The first third of the movie deals with the impossibility of the meeting, the second with its difficulty and the third with the meeting itself. Meeting the Commander in Chief is no given even for Presley: “We do not expect any royalty today”, answers Nixon’s advisor when informed the King is at the door. A couple of autographs to the right kids and the promise of a photo shoot later, he’s in. What was supposed to be a five minutes meet and greet lasts much more as the two men discover themselves closer than they thought. Ingenuously, what brings them together after a first round of pissing contest is childhood and self-doubt.

Presley (Michael Shannon, not even close to the rockabilly cherub Elvis still was in 70, but impressively conveying his charisma and his innate sadness) is an icon, maybe the most loved man in America. His feral years are well behind him though, and he has lost touch with who he is, or was, enshrined as he is in clothes, jewelry and adoration. He only trusts his two oldest friends, Jerry and Sonny (Alex Pettyfer and Johnny Knoxville, good at playing the rock and the roll, respectively). The two scenes where his vulnerability shows are great; without them Elvis would be some kind of Yoda, imbued with so much self-confidence and poise that it would be difficult to respond to him in any other way than worship. When he meets Nixon and finds a level ground with him, he’s a kid for a while, then regain his composure and departs quite curtly. It is a perilous exercise of tightrope and it works.
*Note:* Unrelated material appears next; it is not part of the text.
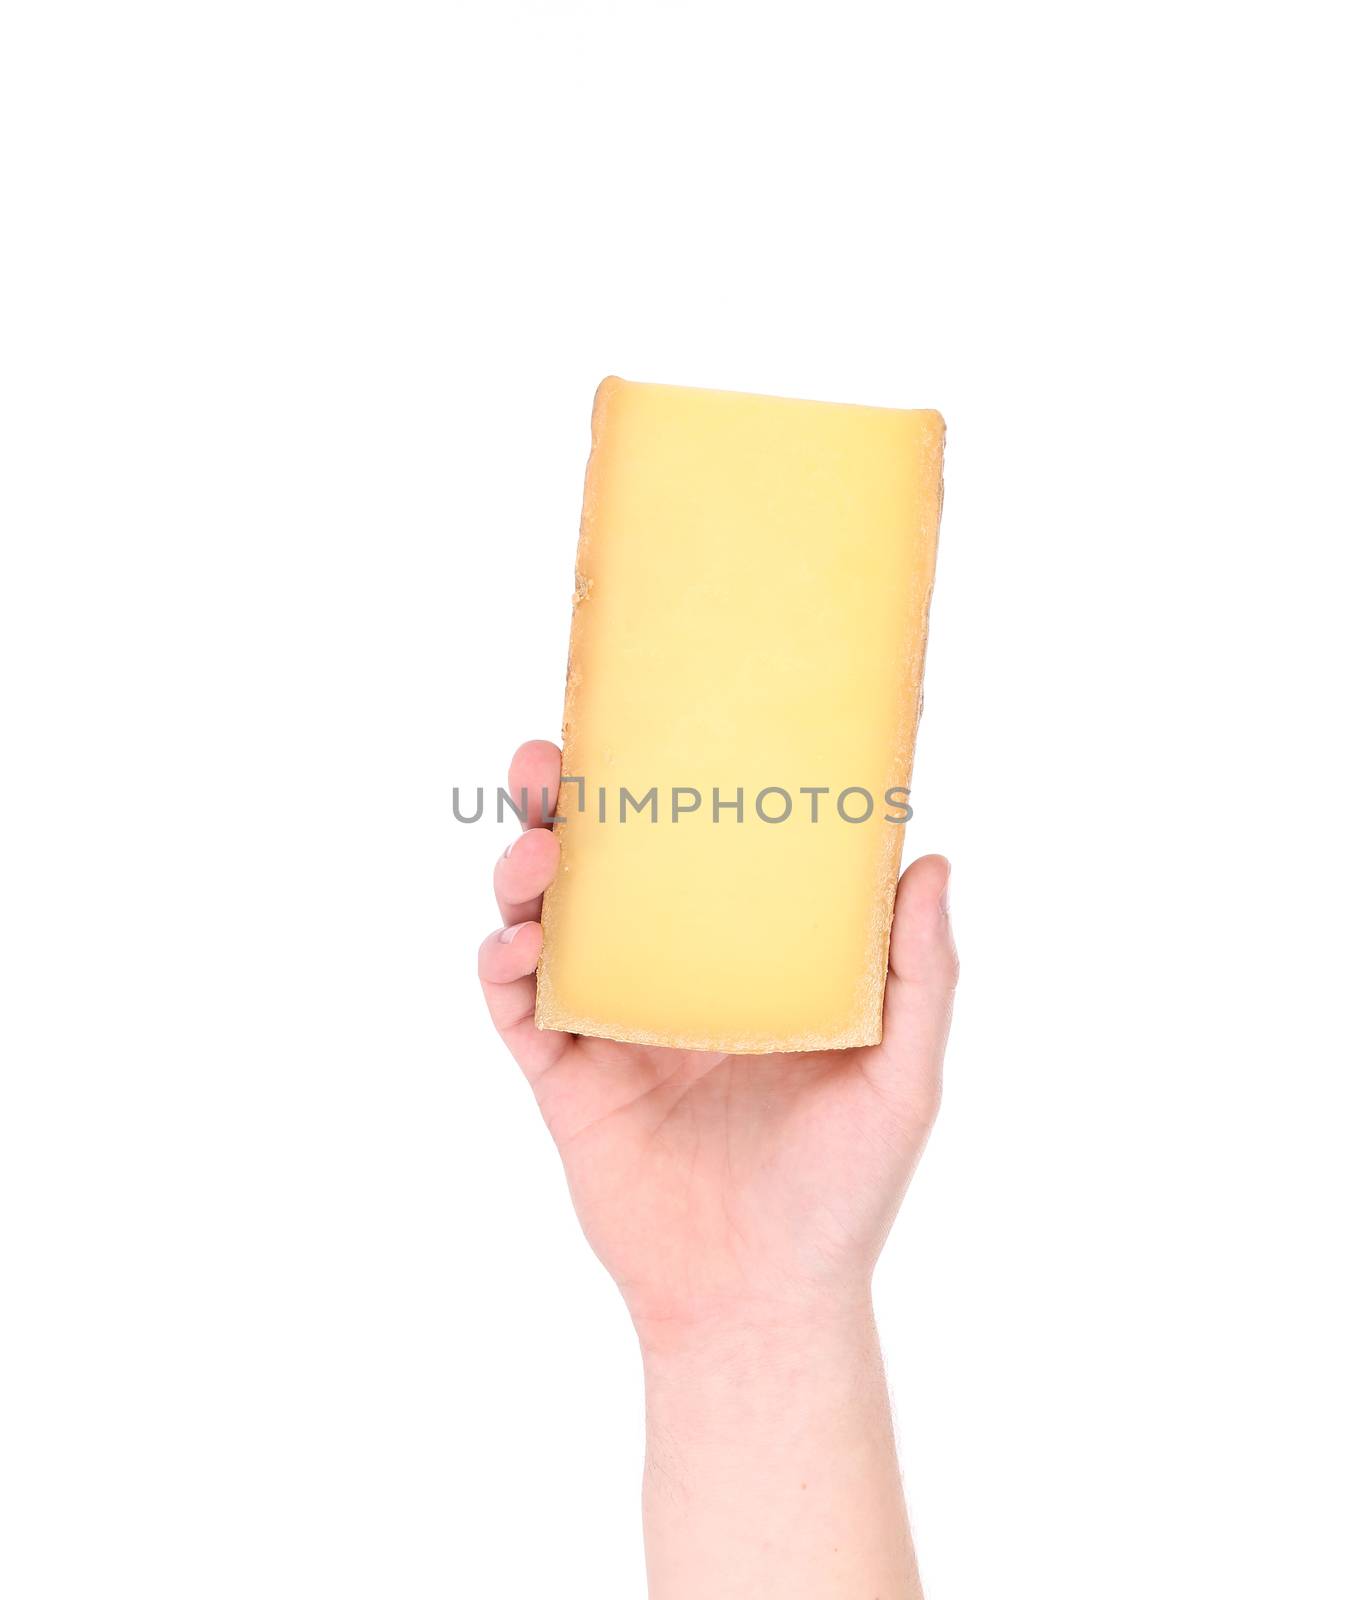 Hand holding block of parmesan cheese. Isolated on a white background.
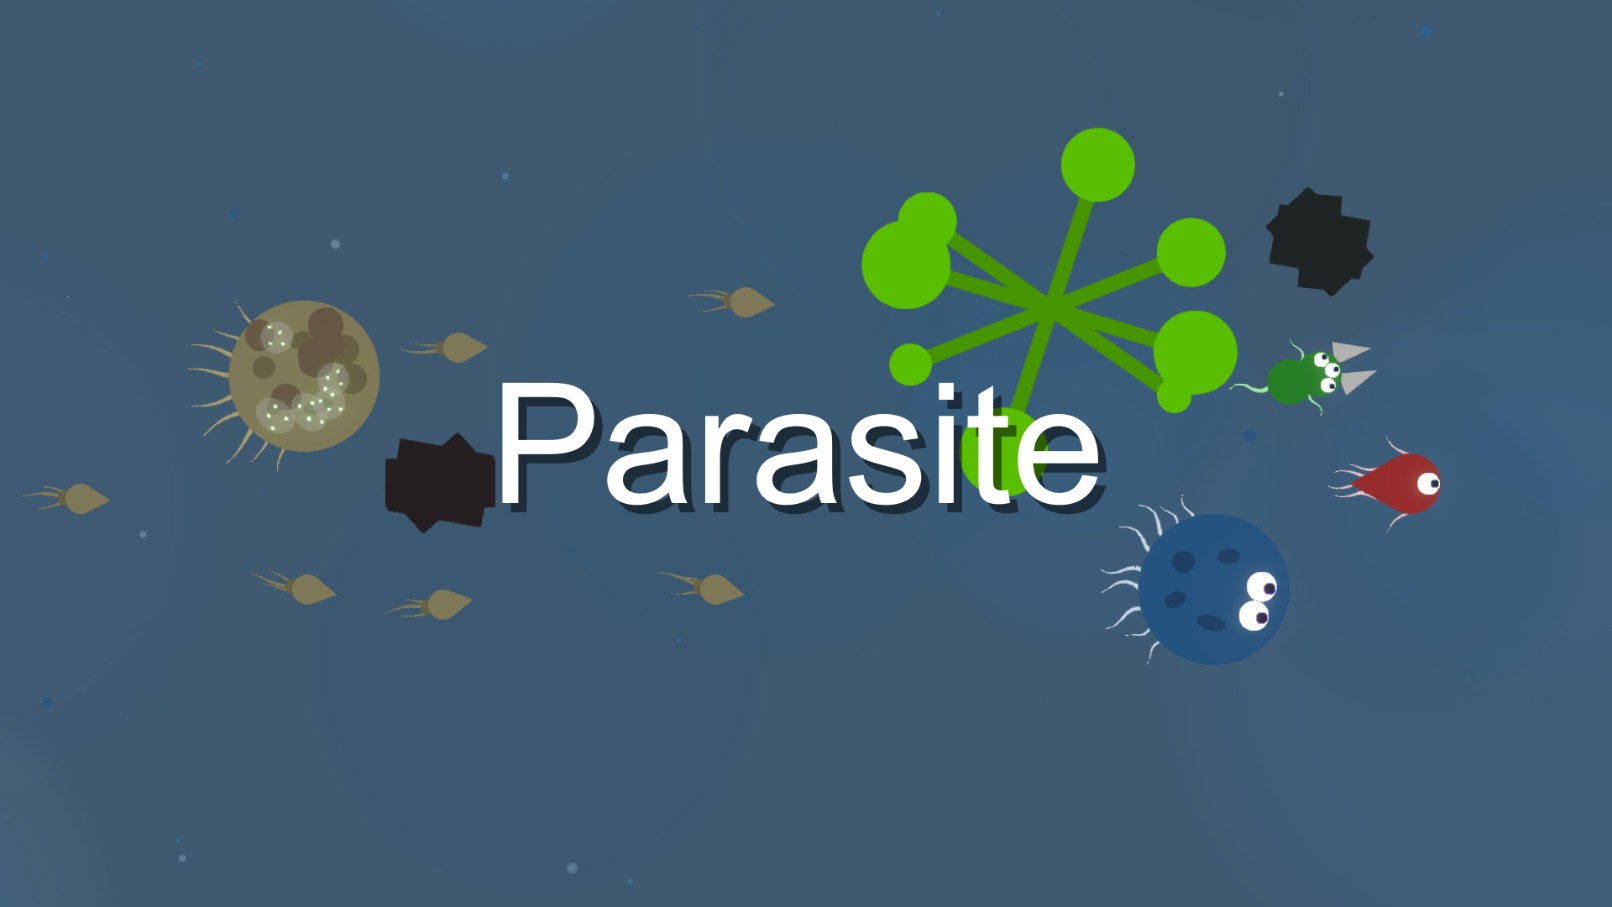 nsfw games with parasites

Kevin Spacey is wonderful as Nixon. It’s almost scary, a short while after watching him as President Underwood in House of Cards, to see him inhabiting the Oval Office in such a completely different fashion. The two men have nothing in common, Nixon’s cynicism being routed in his hate for what the “genetic lottery” has attributed him. “I’m not looking like a Kennedy”, he says in a moment which is both acerbic and surprisingly fragile. Never Underwood would have these thoughts, or those mimics, including this infectious jubilation when Presley calls him “a cool cat”, much to the dismay of his two advisers, Chapin (Evan Peters, too juvenile for the role) and Krogh (Colin Hanks, perfect). The fact that the screenplay takes the trouble of building fully fleshed characters in both camps is highly commendable.

One has some reservations about the film but they are of the minor kind. The karate scene (which Shannon judged “in poor taste”) might be ill advised, even though Spacey suddenly unleashes an animosity that is both scary and poignant. The Watergate foreshadowing of the parking meeting is a bit on your face. Budget limitations show at times. But in any scene Elvis is in, there is always a reaction from passers-by, and those “Oh my God!” moments are not only fun to watch but the mark of attention to detail. And for our devoted followers, there’s even a “What’s in the box” moment. What’s not to like?